Definitely a job with Nicole Curtis' name on it!
http://www.startribune.com/lifestyle/homegarden/240868091.html

Anonymous said...

I might be mistaken but I think that this place was an inn/bar back in the early 1900's.

The porch was open and that is where women could sit because at the time they were not allowed in the barroom.

This neighborhood consisted of truck farms until the late 1800.s and then it went to builders of two, three and four family houses
When Bohack located there some of the larger homes were turned into bars which served the local workers.

The front porch was probably turned into living space when prohibition became law.

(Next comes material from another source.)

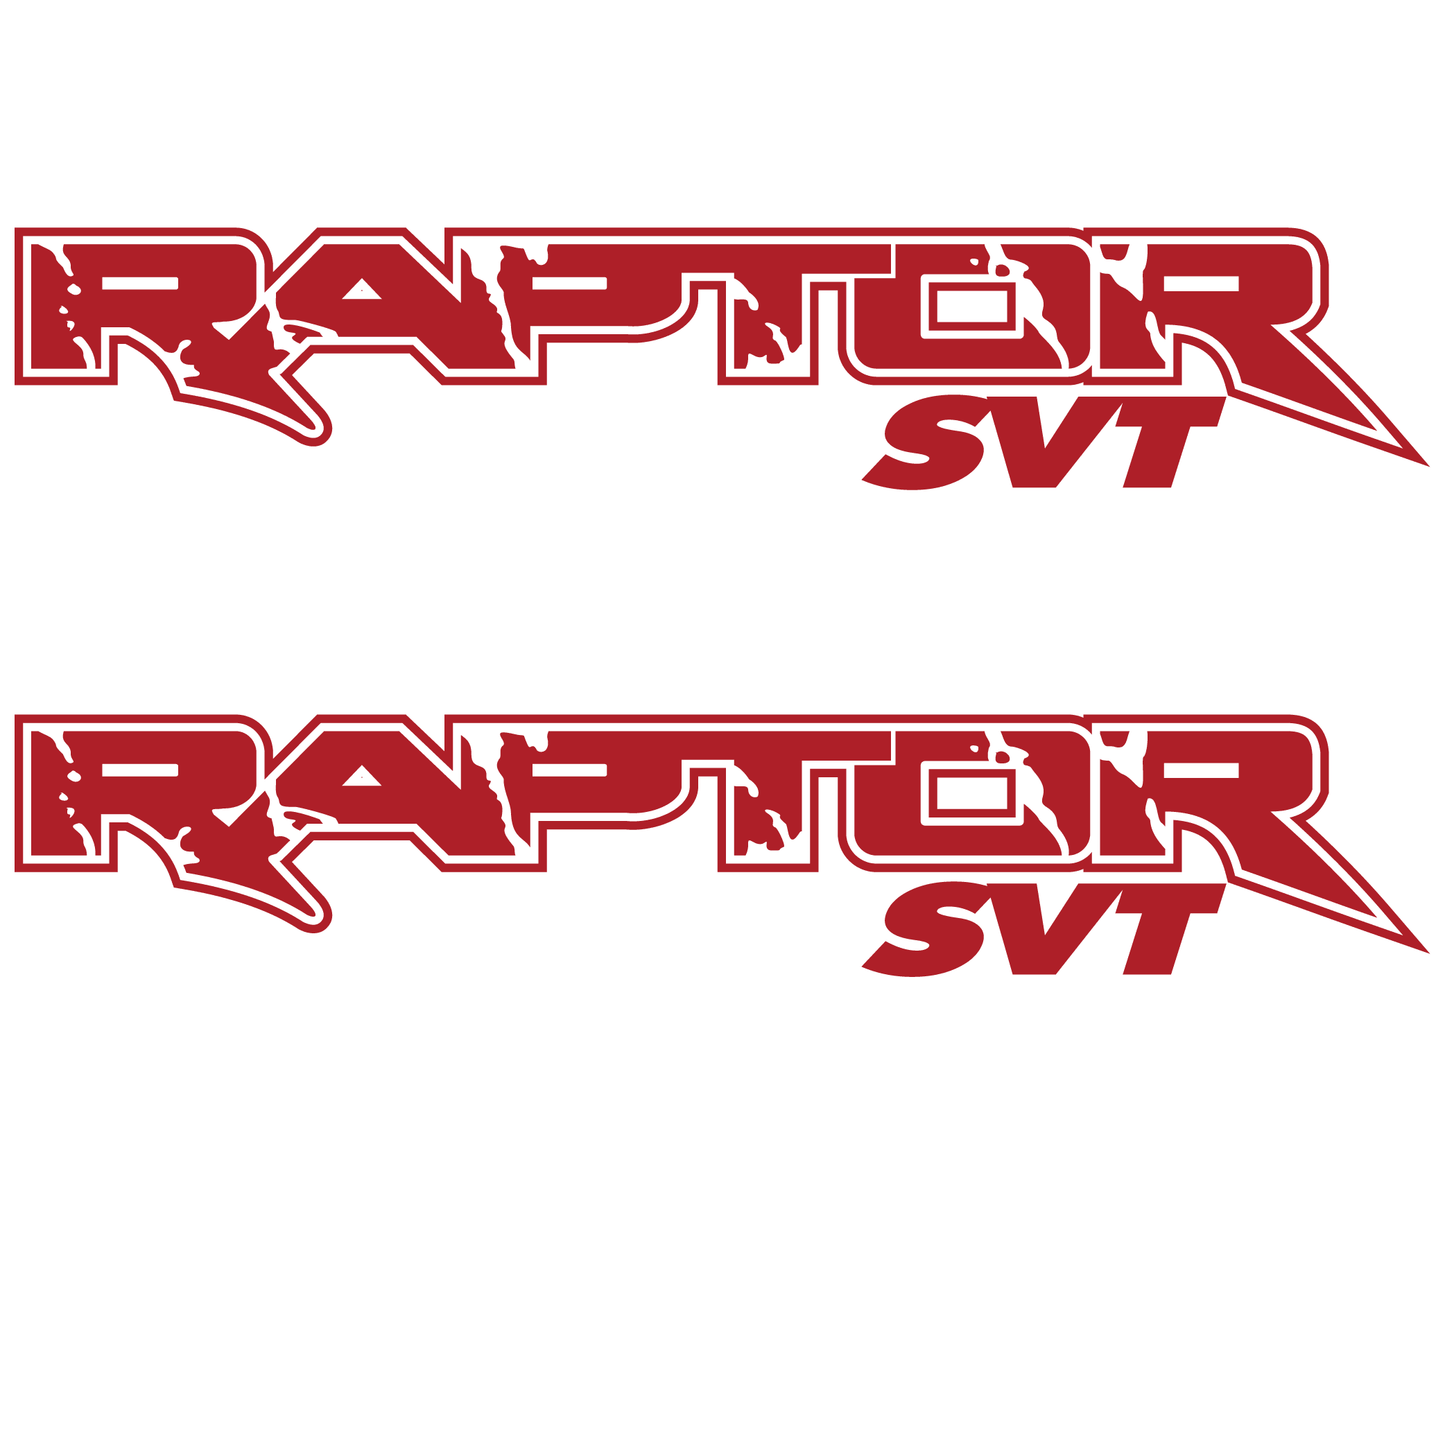 Shop Vinyl Design F-150 Raptor SVT Replacement Bedside Decals #010 Vehicle Decal Red Gloss Shop Vinyl Design decals stickers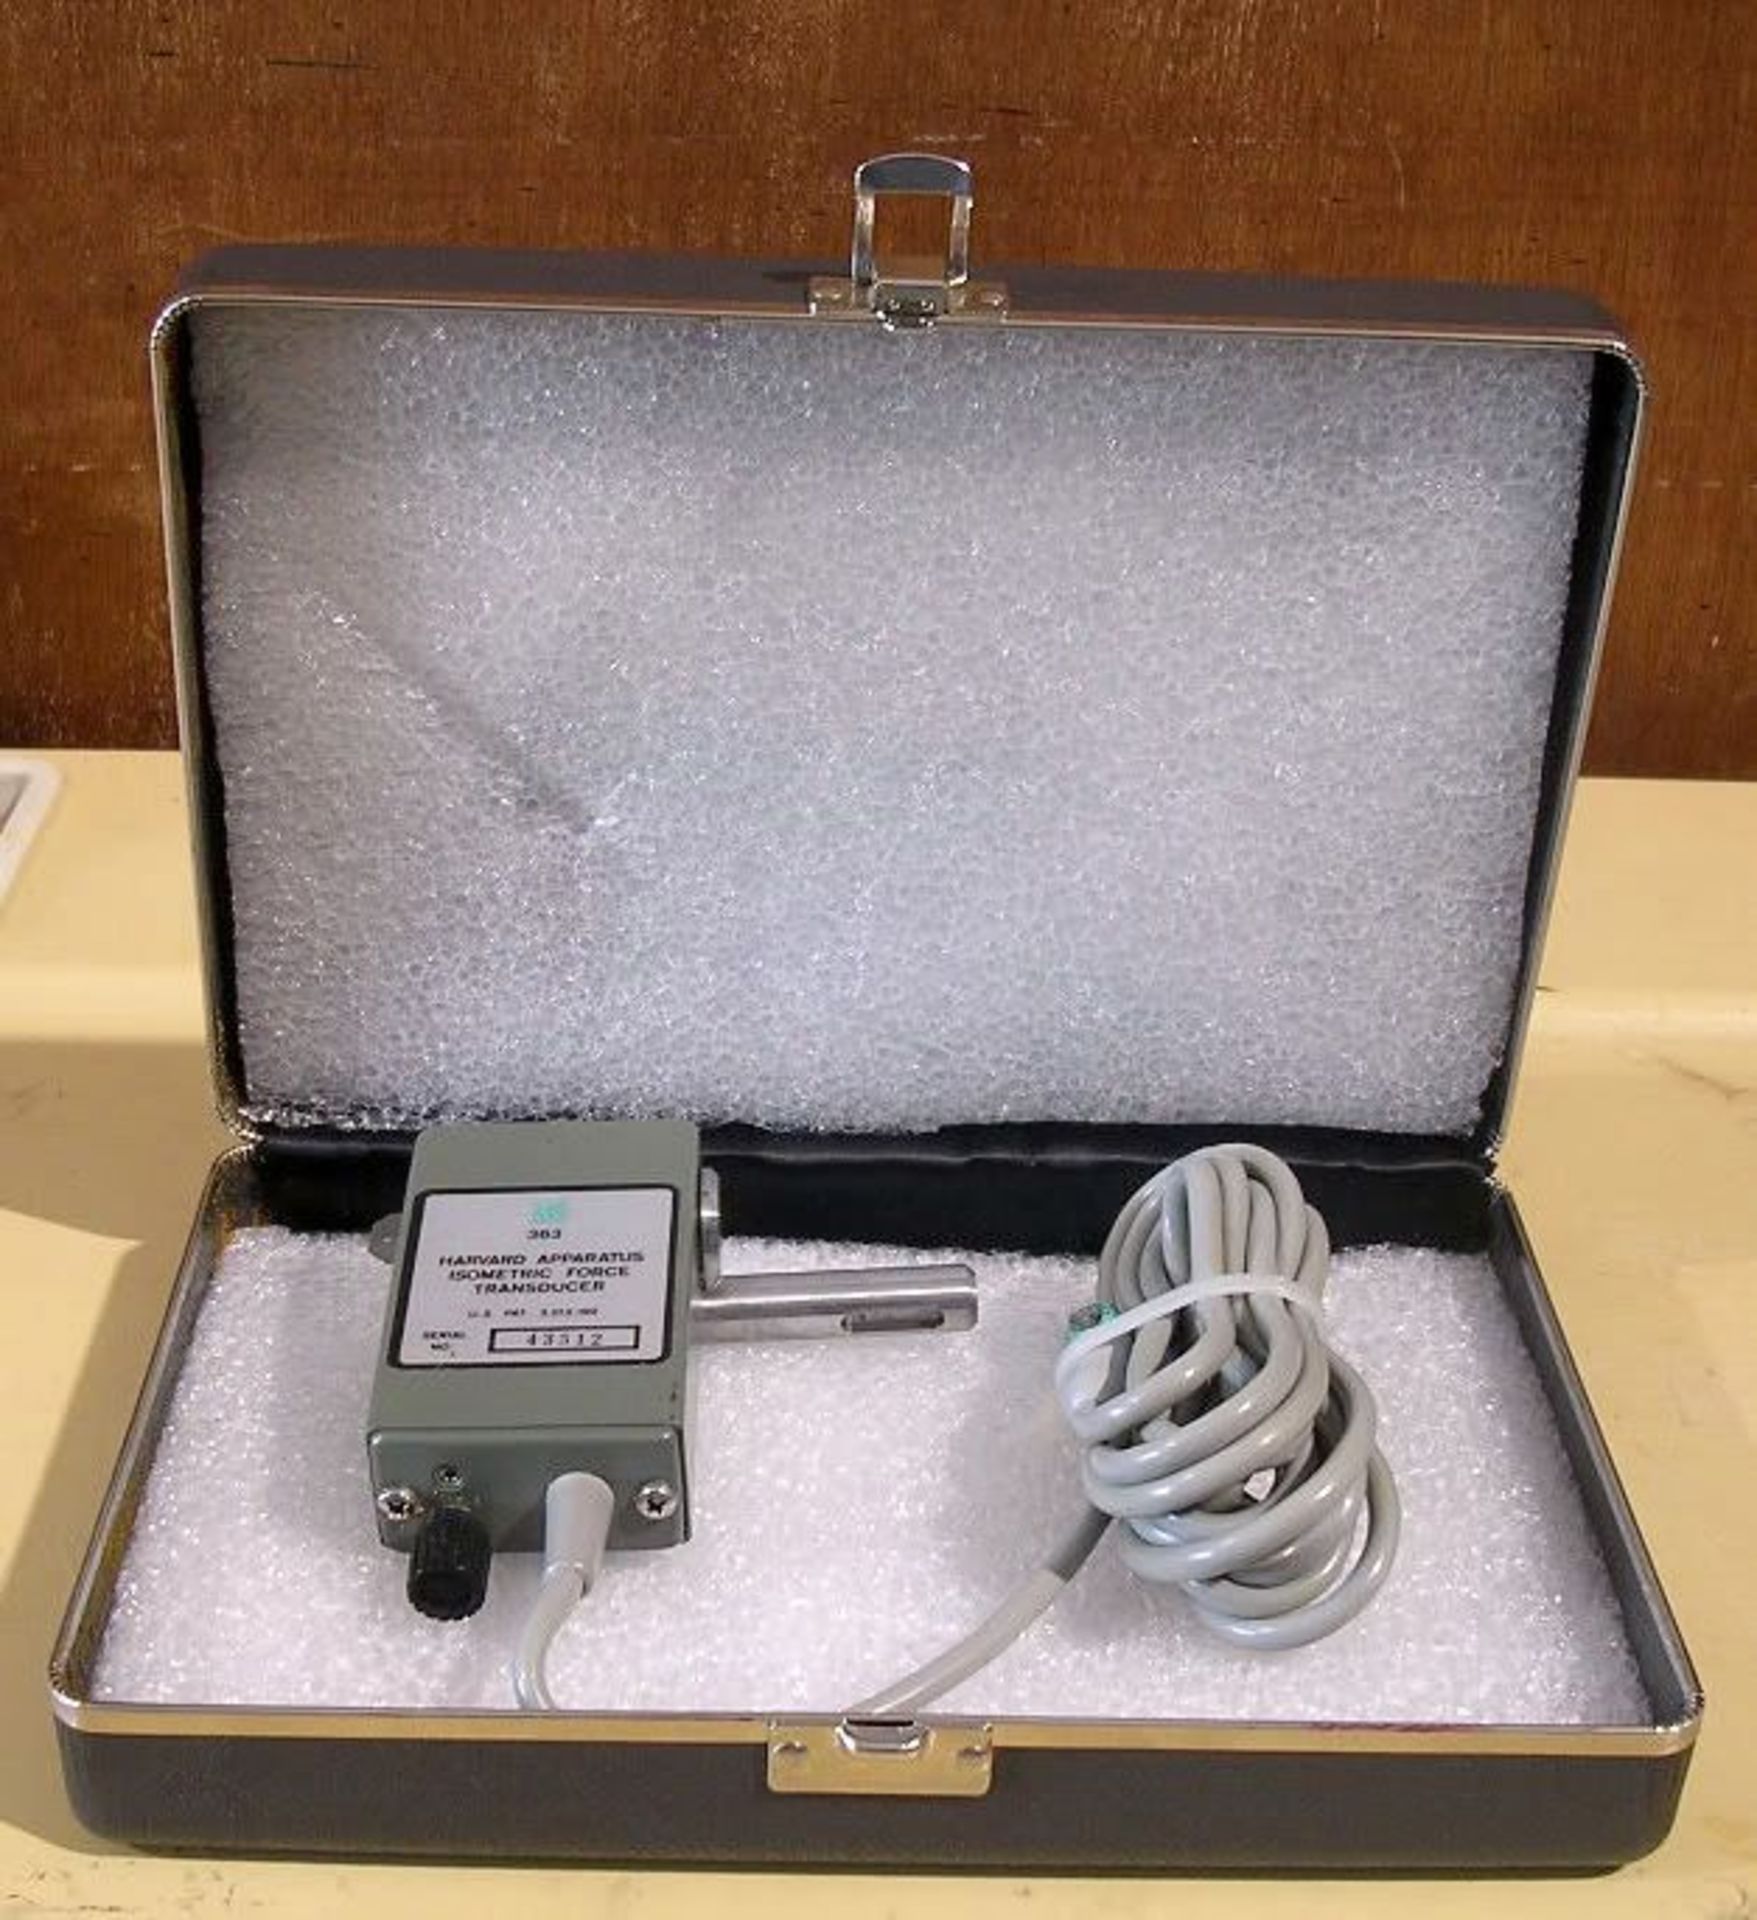 HARVARD APPARATUS Isometric Force Transducer, Model 363, Qty 1, 321468690838

I used to go to a couple of saloons in the neighborhood one of which was The Eagles Nest located on the corner of Woodward and Stanhope. Great Burgers and Beer.

Queens Crapper said...

I think this may be a shot of the rest of the property from back in the 1920s.

Anonymous said...

Crapper:
Could be. Too bad the photo doesn't afford a deeper look into the property. The abandoned house has a flat roof and the ones you posted do not. They are probably older.
The Nurge family owned much of the property around this spot in the 1800's and early 1900's. I believe that they sold and moved up further up Metropolitan Ave. into Middle Village to farm. A couple of streets in the area still bear their name; Nurge Ave. and Arnold Ave. I believe several more streets bore Nurge family Christian names before the numbered system took over.

Queens Crapper said...

The link shows the CC Lyons house and the old post office, which was built in 1860, according to the caption. This was indeed on Nurge's property.

Joe said...

I know restore electronics and old lights and toasters for Nichole Curtis. She's well educated in law and gets many of her buildings from her city for 1$.
In NYC she would be shut out because here it's a dirty underhanded buddy system especially Queens because Manhattan is maxed out.
Look at that dirty underhanded bullshit and back stab with Crowley and the Maspeth Woods property

Anonymous said...

This was a great house. I grew up in it with my family. We played in the baseball in the yard. So much fun just very sad it looks this way.

Anonymous said...

The landlord didn't/doesn't give a crap about this property. It's been condemned and no water or electricity for many years. It was a nice house at one time.

Anonymous said...

I used to think the original street names were taken
from the Nurge family until I came across this:

Martin ZEIDLER and Helene Hermoine Hildegaard HIRSEMANN raised a family of eight children in Maspeth, Queens in the late 1800's. Martin ZEIDLER developed land in Maspeth and named several streets after his daughters Emma, Elfrieda (or Ellie), Martha and Helen. His sons names were William, Martin, Chester, and Edwin. By the time of the depression the streets were re-named as "number" streets as they are today.

Anonymous said...

This was a great house back in day. A big family rented the house and lived there for 30+ years. When owners changed hands, the new owners allowed the property to fall apart, refused to make repairs and ultimately refused to pay the property taxes. The family chose to move and the property fell vacant. It sat vacant for a number of years. More recently, it has been repaired and renovated although the interior layout has been changed. The exterior was also updated by removing the shingles and adding stucco. Unfortunately, the rest of the property's lot remains a junk yard. There was a parking lot, used by workers from a factory on the other side of Flushing Avenue, and 8 rented garages. The garages were torn down after the house was vacated.